NCP president Sharad Pawar, while expelling Muraleedharan, simultaneously dissolved the Kerala state committee and constituted an ad hoc panel with NCP general secretary T.P. Peethambaran Master as its convenor.
Muraleedharan's father and Congress veteran K. Karunakaran, meanwhile, met Gandhi and Prime Minister Manmohan Singh in New Delhi.
While the 91-year-old stayed away from the media after the meeting, informed sources said the party high command was yet to make up its mind on the issue.

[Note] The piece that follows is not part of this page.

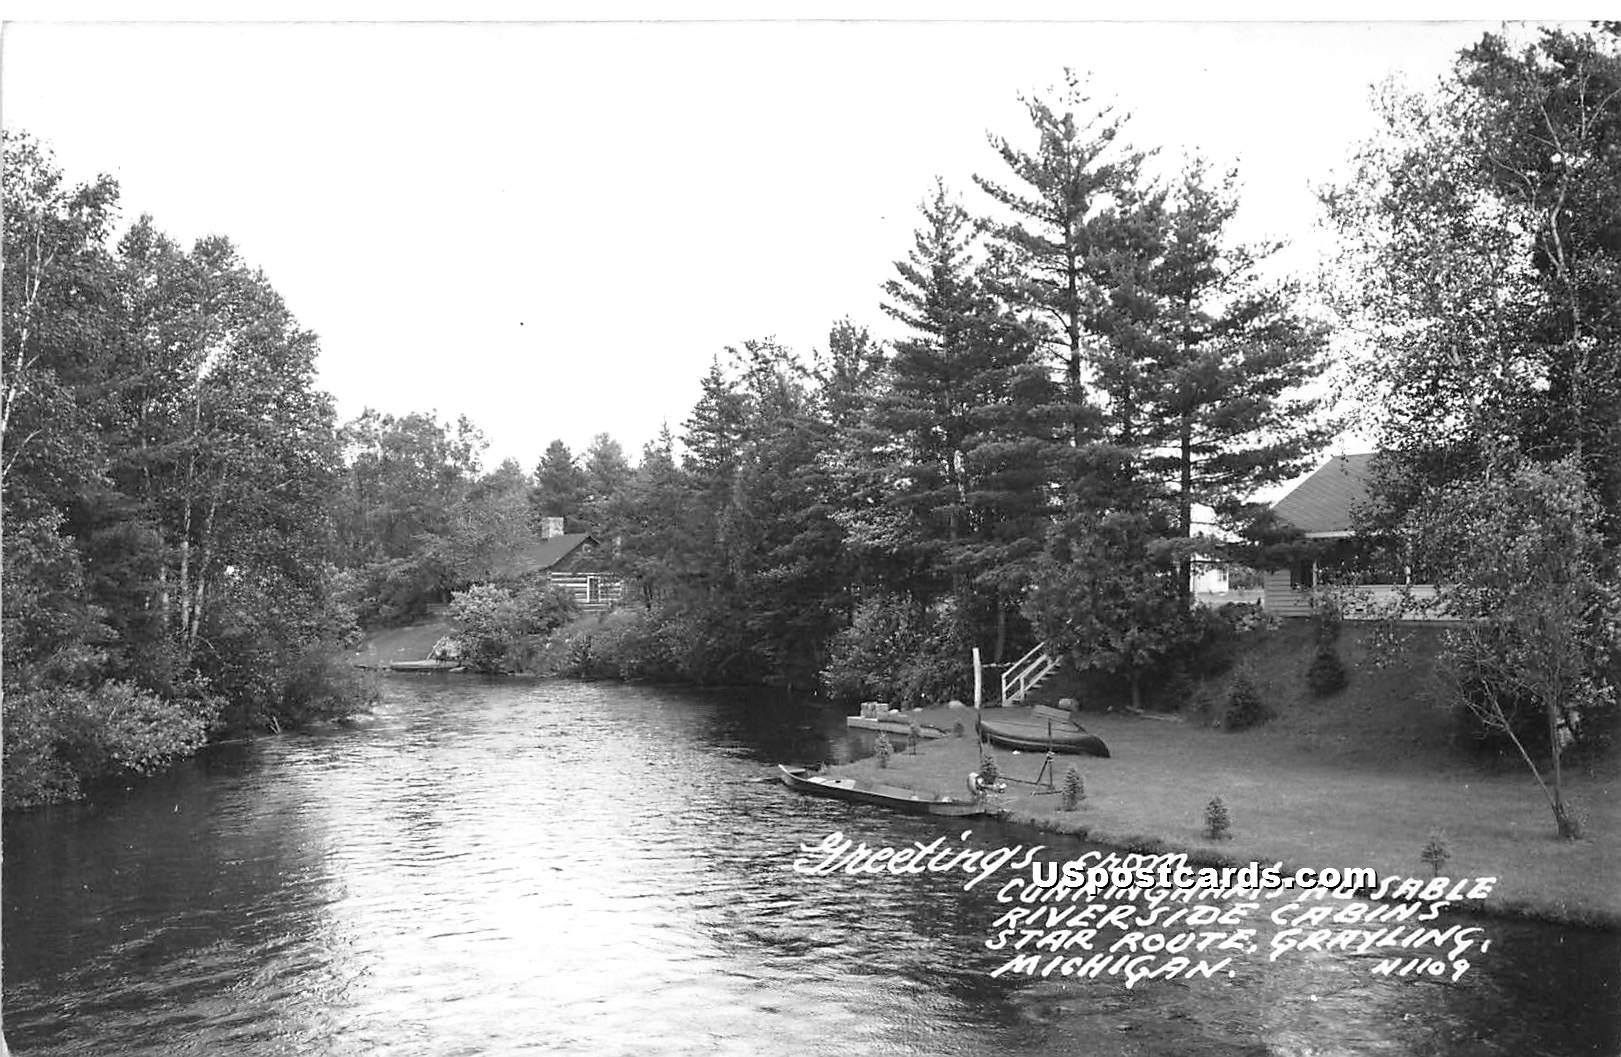 Cunningham's Au Sble Riverside Cabins - Grayling, Michigan MI Postcard

Congress sources told IANS that Karunakaran had come with a request to the leadership to allow his son to join the party again. He also reportedly discussed the possibility of his being made governor of Andhra Pradesh or any other south Indian state.

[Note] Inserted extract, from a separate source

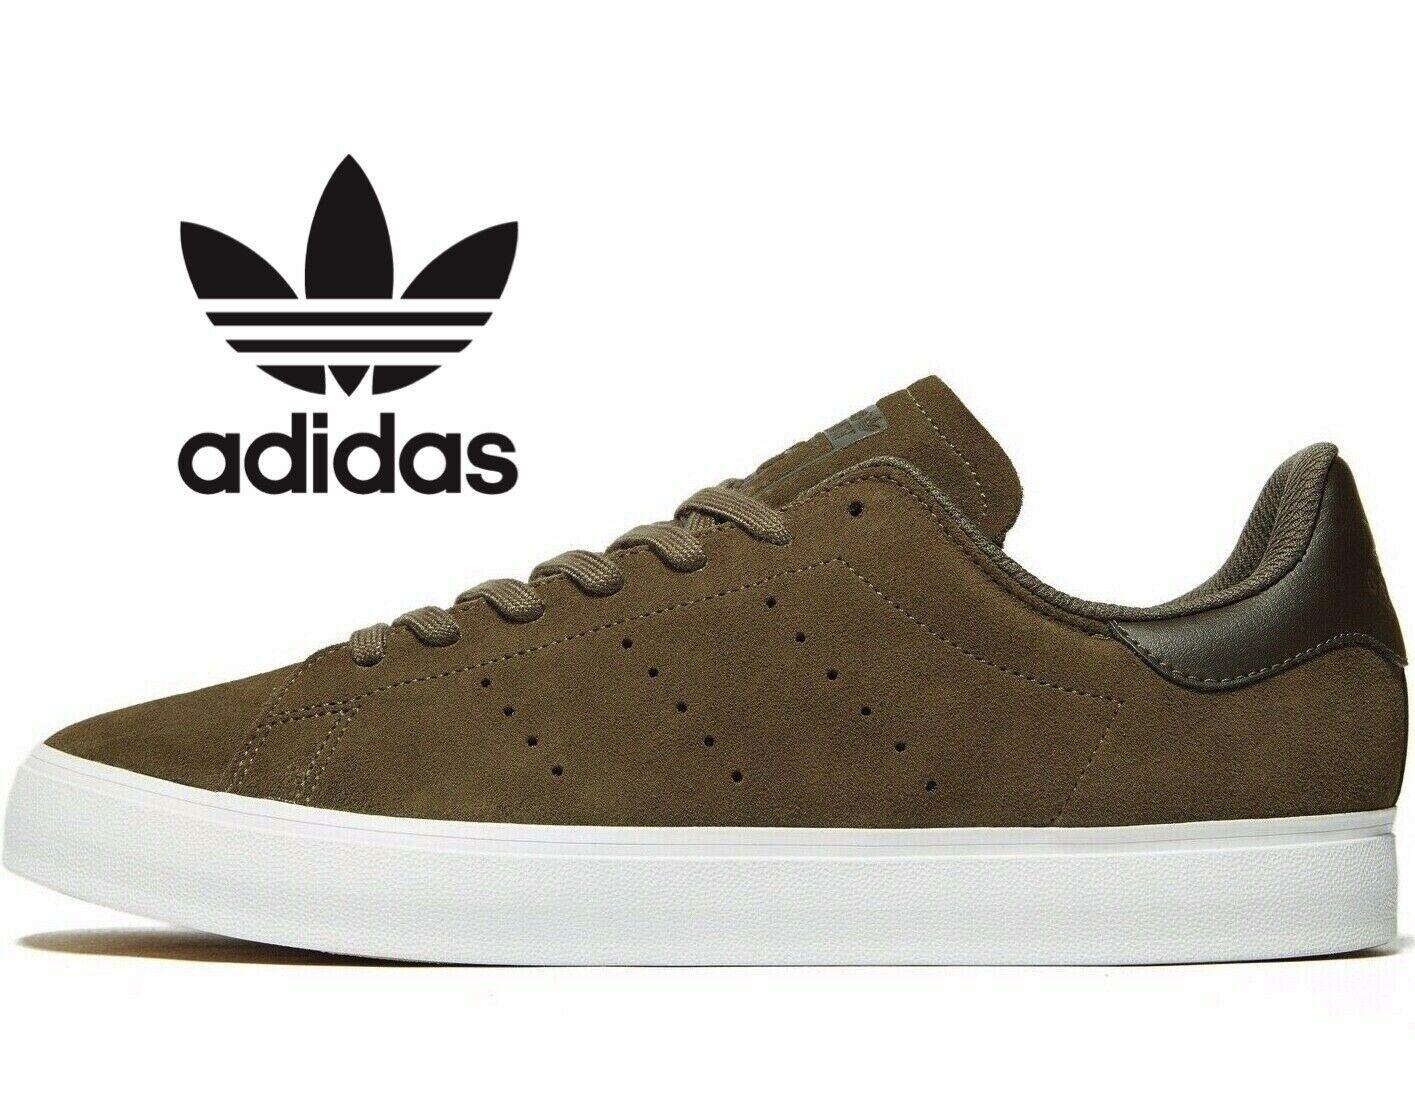 Adidas Originals Stan Vulc ® (Hombres Tallas Smith Reino Unido  6 7 7.5) rama olivo de carga

Other Congress leaders from Kerala like Ramesh Chennithala and former chief minister Oommen Chandy have strongly urged that the party high command not take Muraleedharan back.
'Our party has been performing wonderfully since Muraleedharan was ousted. There is discipline and unity in the party now. If Muraleedharan comes back, everything will collapse. So we will strongly oppose any move to take him back,' a senior Congress leader told IANS on condition of anonymity.
Reacting to Muraleedharan's move to return to the Congress fold, party spokesman in Kerala M.M. Hassan said Thursday that the 'Congress is not an inn'.